Manque de lits, sous-effectif chronique voire pénurie d'urgentistes, fonctionnement en mode dégradé, épuisement des équipes qui restent… En raison de la situation critique au sein des hôpitaux publics du Vaucluse, les chefs de pôle de six services d’urgence (Avignon, Orange, Valréas, Vaison-la-Romaine, Apt et Carpentras) ont démissionné ce lundi de leurs fonctions administratives. Une décision symbolique mais très forte, nouvelle expression de la colère et de la lassitude dans le contexte actuel de tensions sur les ressources humaines aux urgences dans tout le pays.
Malgré les mises en garde de la communauté médicale, les tutelles sont « restées sourdes et ont poursuivi la mise à l’os humaine et financière de nos établissements », écrivent les démissionnaires dans un courrier adressé notamment à l’agence régionale de santé (ARS) PACA.
À cela s'est ajouté un autre signal de gravité de la situation, à savoir un préavis de « grève illimitée » déposé chez les urgentistes du département, par la CFDT Santé Sociaux, à compter de mardi. En cause toujours, la pénurie d’urgentistes qui augmente la charge de travail de ceux qui restent, alors que l'activité estivale reste forte dans ce département.
Immobilisme
Des années de « politique budgétaire jusqu’au-boutiste ont conduit l’hôpital public à un désastre sanitaire », accusent les chefs de pôle qui dénoncent l'« immobilisme effarant des administrations nationales, responsable de l’effondrement actuel du système de notre santé ».

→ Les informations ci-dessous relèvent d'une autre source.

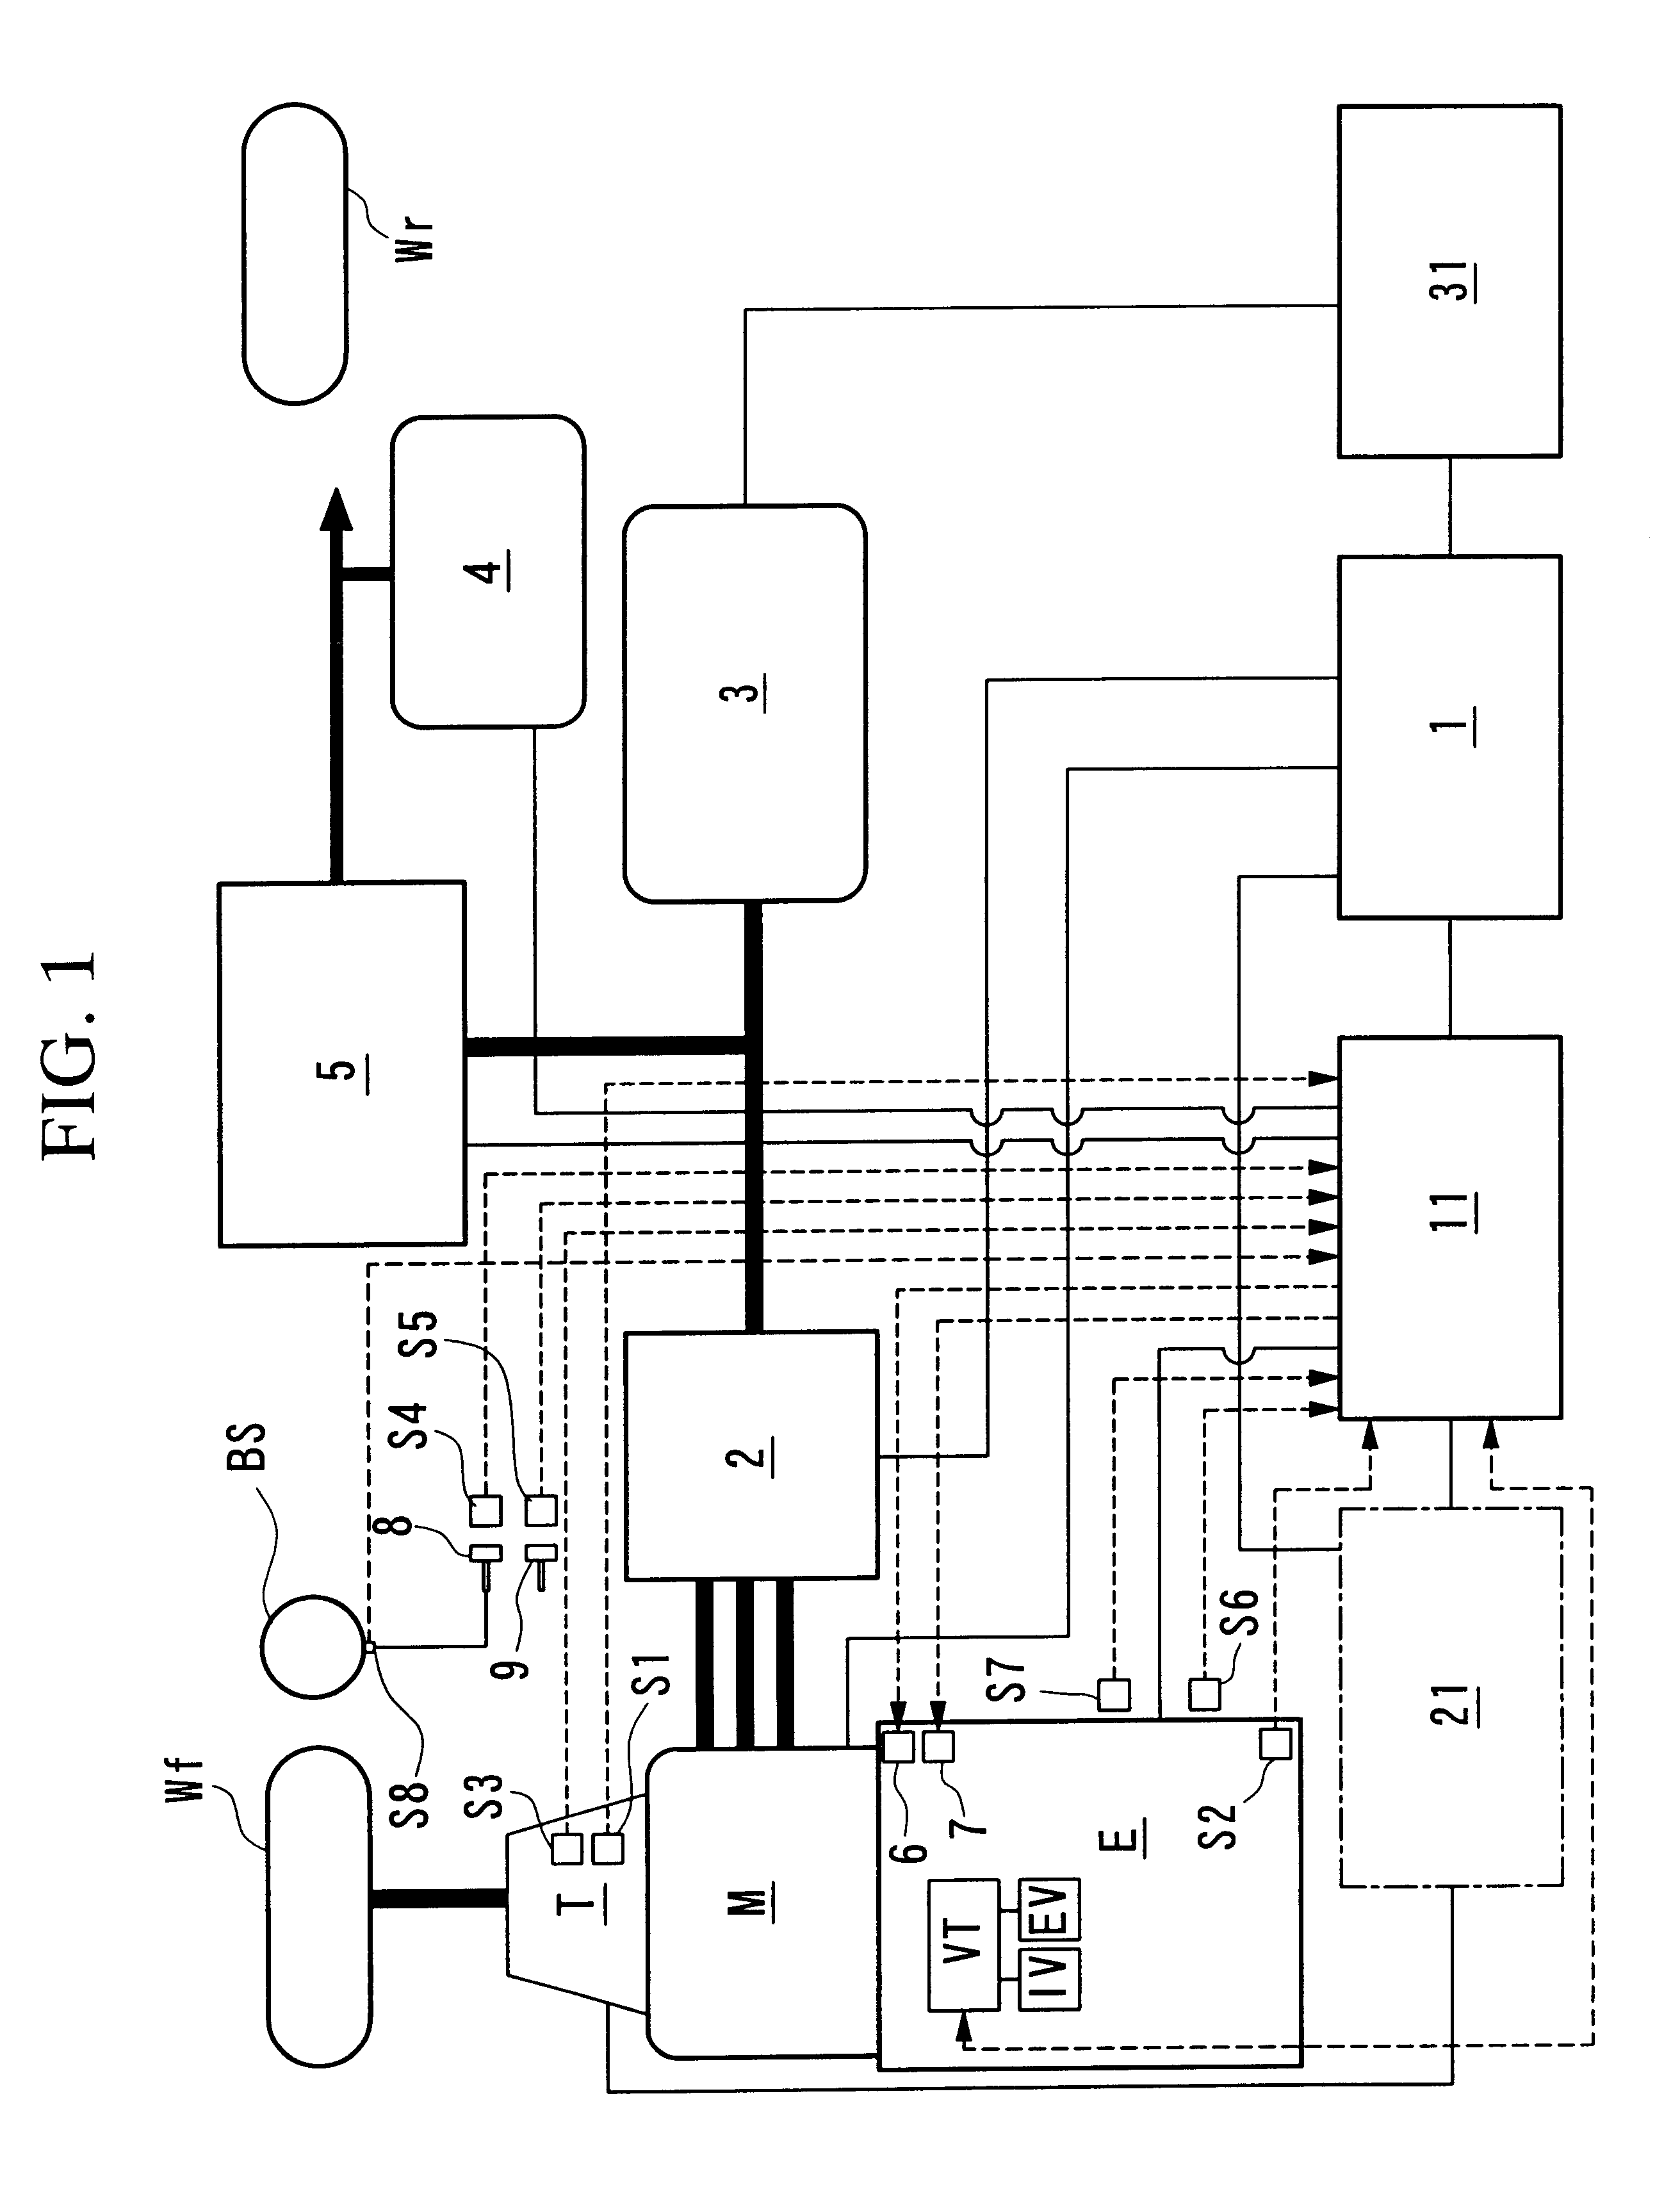 Control apparatus for hybrid vehicle
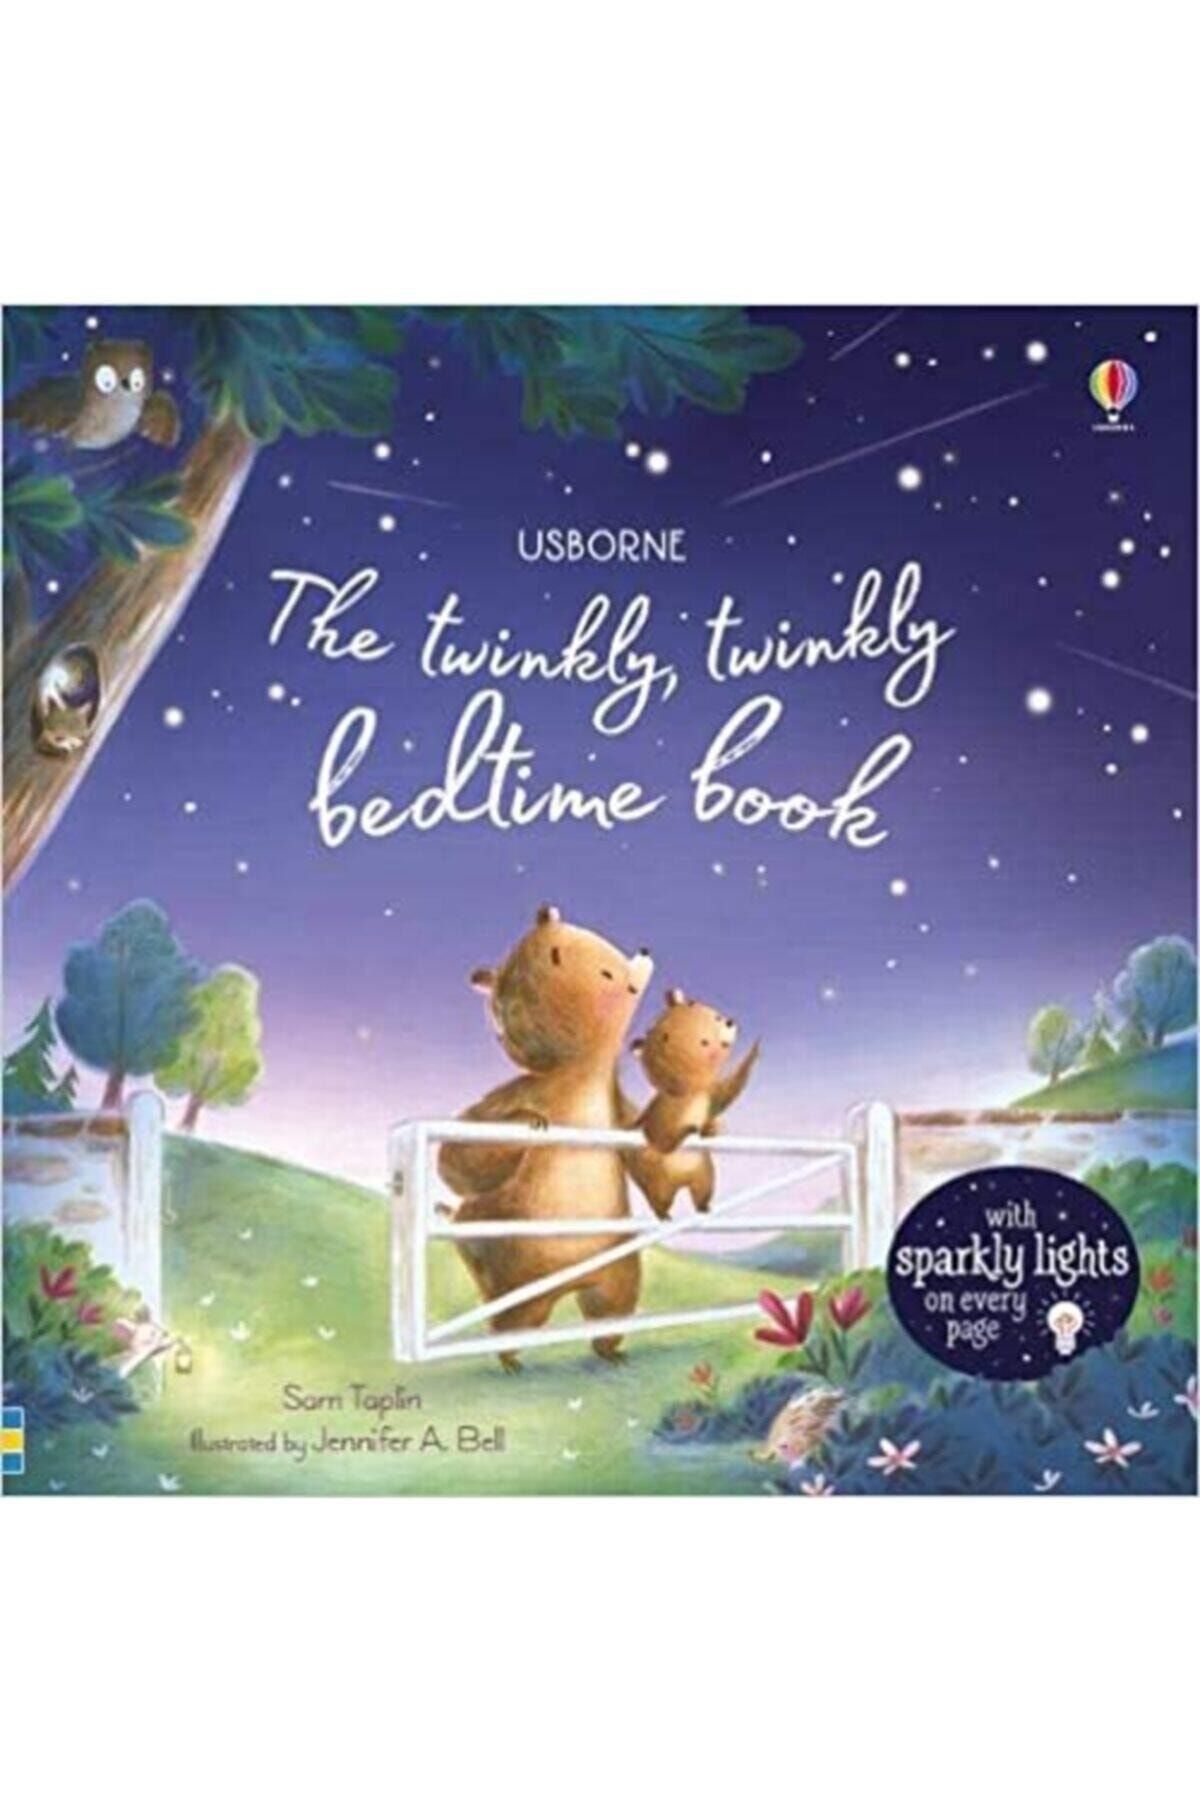 Usborne The Twinkly, Twinkly Bedtime Book

Quant aux 41 recommandations de la mission Braun, reprises par le gouvernement et déclinées en ce moment, elles seraient « à l’image d’une institution dont l’inertie n’est en rien compatible avec l’urgence de la situation et le drame annoncé vers lequel nous nous dirigeons », fustigent les démissionnaires. Selon eux en effet, à cause du manque de personnel soignant, il n’est tout simplement plus possible de faire fonctionner leurs services « sans compromettre la sécurité des patients, la qualité des soins et la santé des équipes ».
Contacté par « Le Quotidien », le Dr Ludovic Sauvage, responsable de l'unité des urgences adultes de l’hôpital d’Avignon, explique que les médecins démissionnaires « ne participeront plus aux réunions et à la gestion des plannings, qu’ils ne répondront plus aux différentes demandes de l’ARS, sur l’écriture de protocoles par exemple ». S’il n’est pas lui-même démissionnaire, il est solidaire du mouvement, fatigué de « manquer de lits, d’avoir des plannings vides, de ne pas trouver de solutions ».
L'intérim ne suffit plus
Dans les services d'urgences du Vaucluse, « on tournera en août avec 40 % à 60 % d’effectifs médicaux », précise l’urgentiste qui souligne que le planning d’août affiche « 27 plages de 12 heures vacantes ». L’activité, elle, ne cesse d’augmenter : 220 passages sur 24 heures, contre environ 170 en 2020.
Jusqu’à présent, l’hôpital d’Avignon faisait appel à l’intérim médical pour compenser le manque de médecins. Mais, à l’approche de l’été, la situation serait devenue « ingérable », explique encore le Dr Sauvage. Les praticiens intérimaires n’auraient plus envie de rejoindre « un gros service en suractivité, ils préfèrent travailler dans les services où c’est plus "tranquille" », croit savoir le médecin. D’autre part, un grand nombre de médecins généralistes libéraux et d’intérimaires partent eux-mêmes en congés durant la période estivale, si bien que le point de rupture risque d'être atteint.
Filtrage renforcé à l'entrée
Jusqu’à présent, les services d’urgence du secteur restaient ouverts tout au long de l’été. Mais cette année, les CH de Cavaillon, Apt ou Carpentras ont déjà fermé leurs urgences la nuit ou le week-end. C'est aussi le cas à Arles ou Manosque, un peu plus loin. Ces fermetures temporaires « se répercutent sur les autres services d’urgences du Vaucluse », observe le Dr Sauvage qui précise que son service est contraint de « filtrer au maximum les entrées ».
Quand on lui parle des mesures gouvernementales pour tenir le choc cet été, le médecin demeure sceptique. La régulation médicale du Samu/SAS ? En raison du manque de personnel, « un seul PH fait de la régulation, et non deux ». Quant aux généralistes qui viennent « aider à la régulation », ils disent aux patients « d’aller aux urgences quand il n’y a pas solutions en ville »...
Si rien n'est fait pour recruter et restaurer l'attractivité des carrières médicales, redoute-t-il, « la crise des urgences va, à terme, toucher tous les étages des services hospitaliers car la pénibilité du travail augmente ». La médecine de ville ne sera pas épargnée. C’est « tout le système de santé qui est en train de s’écrouler ».